Le gouvernement Harper veut savoir ce que l'ancien premier ministre libéral Jean Chrétien a dit lors de son entretien de jeudi avec le président russe Vladimir Poutine à Moscou.

Et le ministre fédéral de la Défense, Jason Kenney, espère que M. Chrétien a profité de cette occasion pour livrer au président russe le même message que martèlent les conservateurs depuis un bon moment, soit de retirer les soldats russes de l'Ukraine.

L'information émanant de l'agence de presse officielle de la Russie sur la tenue d'une rencontre, jeudi, entre M. Chrétien et M. Poutine dans l'un des palais près de Moscou a semblé prendre les conservateurs au dépourvu.

La rencontre est une gifle au visage du gouvernement conservateur du premier ministre Stephen Harper, qui essaie d'isoler politiquement le leader russe, le blâmant pour les troubles en Ukraine et l'annexion de la Crimée par la Russie l'an dernier.

M. Harper a évité tout contact avec le président Poutine, sauf pour une poignée de main brève et mémorable au sommet du G20 en Australie l'an dernier, lors duquel il a laconiquement dit au leader russe de «sortir» de l'Ukraine.

Un porte-parole de M. Chrétien n'a pas répondu à une demande de commentaire.

«Je n'ai pas été mis au fait de ce qui est survenu. Je ne sais pas trop si M. Chrétien a choisi de tenir au courant notre personnel à Moscou. Nous serions curieux de savoir ce qui a été discuté», a affirmé M. Kenney durant un symposium à Ottawa sur les relations de sécurité du Canada avec l'Union européenne.

«Tout ce que je peux vous dire, c'est que le gouvernement du Canada a profité de toute occasion avec M. Poutine, comme le bref échange du premier ministre Harper avec le président russe en marge du G20 à Melbourne, pour exprimer très clairement notre position que la Russie doit sortir de l'Ukraine», a dit le ministre.

«Nous serions à même de nous attendre à ce que M. Chrétien ait - de son propre chef - profité de l'occasion pour livrer le même message», a-t-il poursuivi.

Dans une photographie diffusée par l'agence de nouvelles russe TASS, on peut voir M. Poutine souriant à M. Chrétien, alors que les deux hommes sont assis sur des fauteuils dorés, dans une salle richement décorée.
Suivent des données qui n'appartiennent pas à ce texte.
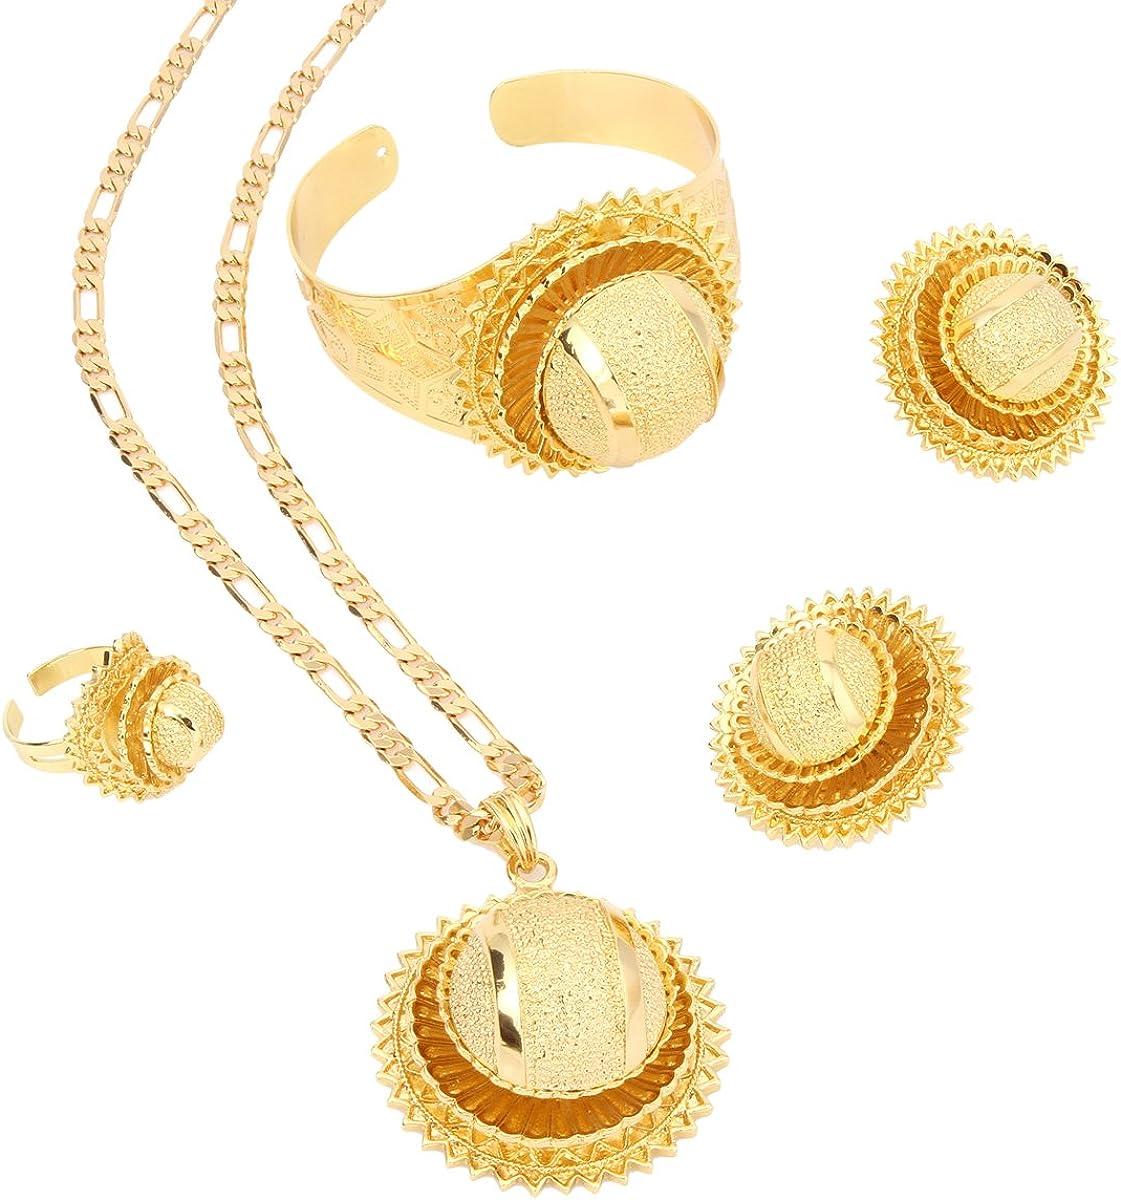 New Ethiopian 24K Gold Set Jewelry Pendant Chain Clip Earring Ring Bangle Set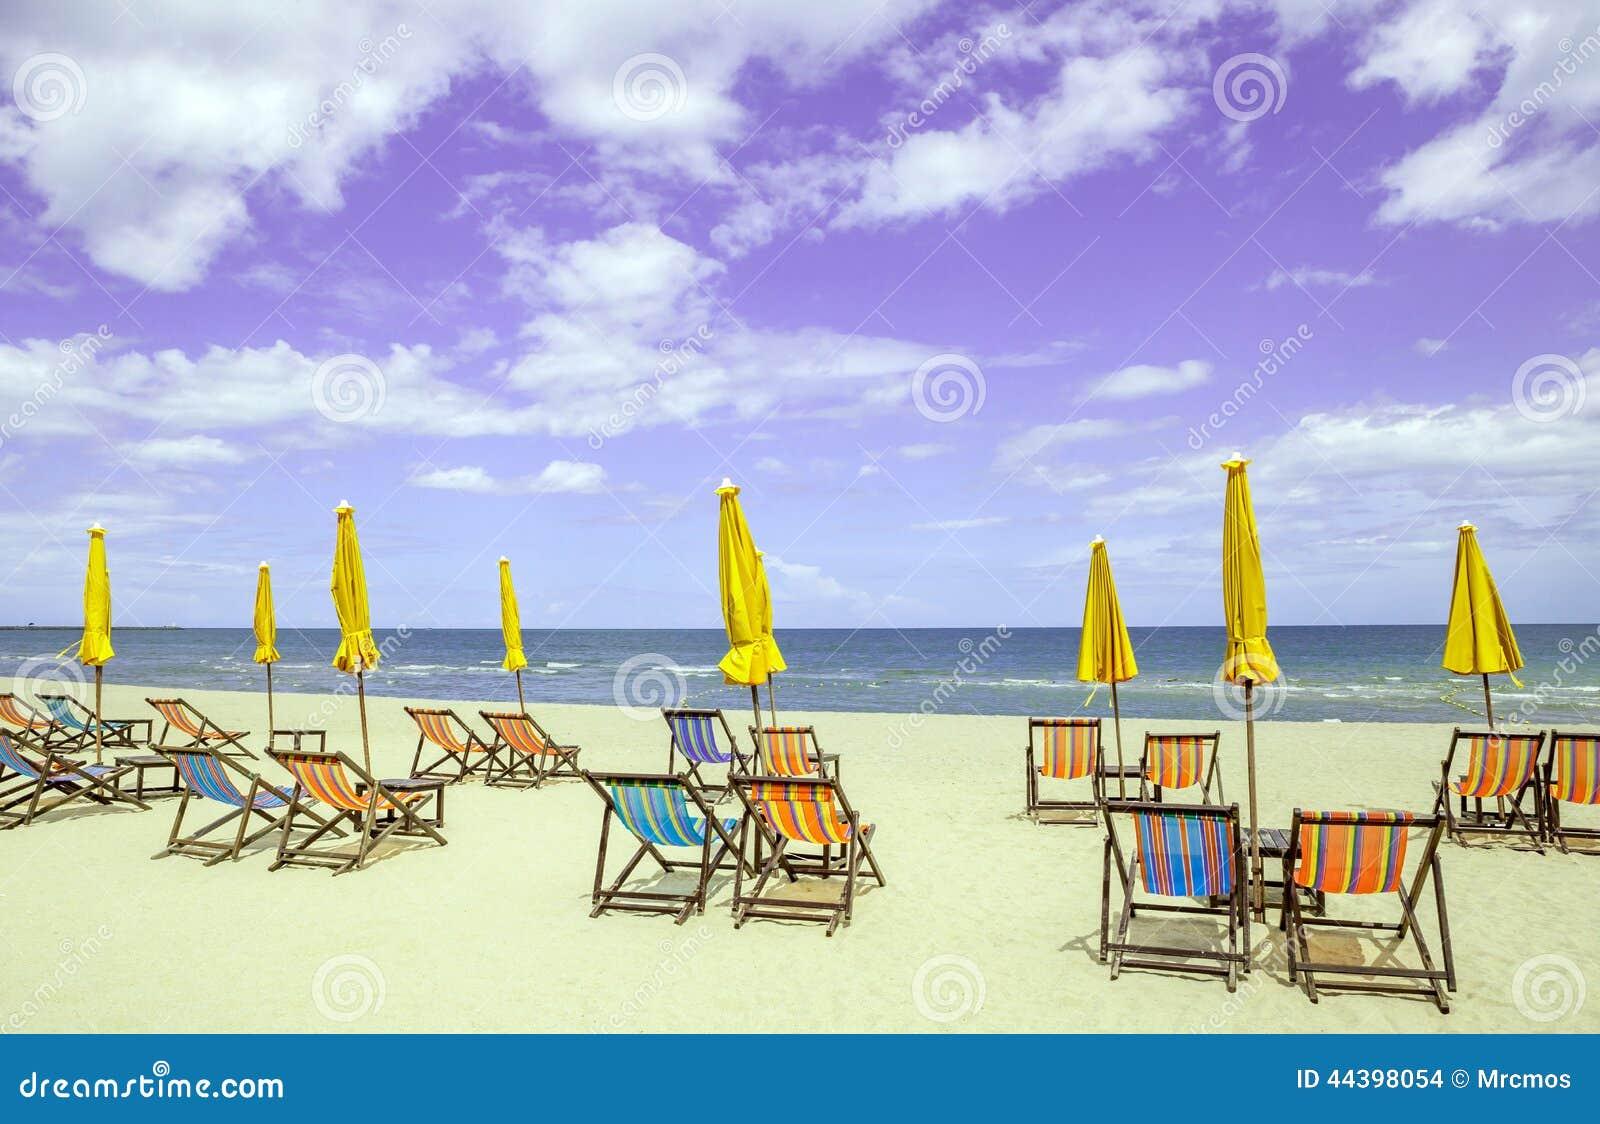 Colorful Beach Chairs - Colorful beach chairs and closed sun umbrellas on beautiful beac

Une autre agence de presse russe a diffusé une vidéo de la rencontre sur YouTube.

Les deux hommes ont échangé leurs points de vue sur le statut des affaires internationales et ont discuté des points douloureux de la situation internationale actuelle, a déclaré le porte-parole du Kremlin, Dmitry Peskov, tel que rapporté par l'agence TASS.

«Il est bien connu qu'ils ont des relations amicales, ou, je dirais même, des relations de partenariat», a-t-il ajouté.

Le porte-parole de M. Harper, Stephen Lecce, a indiqué que le gouvernement fédéral voulait savoir ce que M. Chrétien avait dit à M. Poutine.

«M. Chrétien ne représentait d'aucune façon le gouvernement du Canada à cette rencontre, a dit M. Lecce par courriel. La position de notre gouvernement sur le régime Poutine est claire.»

Contrairement aux autres leaders du G7, M. Harper a décidé de ne pas discuter avec M. Poutine de la crise en Ukraine et a choisi des mots durs pour blâmer personnellement le président russe pour ce qui s'est produit dans la région.

Les Russes ont répliqué, le plus récemment lorsque leur ambassade à Ottawa a déclaré qu'il était à la fois «contre-productif et déplorable» que le gouvernement canadien déploie 200 soldats en Ukraine comme instructeurs pour améliorer les techniques de combat des forces ukrainiennes.

Le ministre des Affaires étrangères de l'Ukraine, Pavlo Klimkin, en visite jeudi à Ottawa, a déclaré que les formateurs de l'armée canadienne allaient permettre d'élever ses troupes à un autre niveau pour qu'elles puissent mieux repousser ses agresseurs russes.

M. Klimkin dit que ce geste peut difficilement être considéré comme provocateur, considérant que la Russie a déjà violé la frontière de l'Ukraine en envoyant des mercenaires et des armes lourdes.

M. Kenney a précisé que les soldats canadiens seraient postés à environ 1300 kilomètres de la région instable de l'est de l'Ukraine.

M. Klimkin était à Ottawa pour rencontrer M. Nicholson, qui a annoncé sept nouveaux projets d'une valeur de 14 millions $ pour renforcer la situation des droits de la personne, améliorer l'accès à la justice et offrir du soutien à la société civile en Ukraine.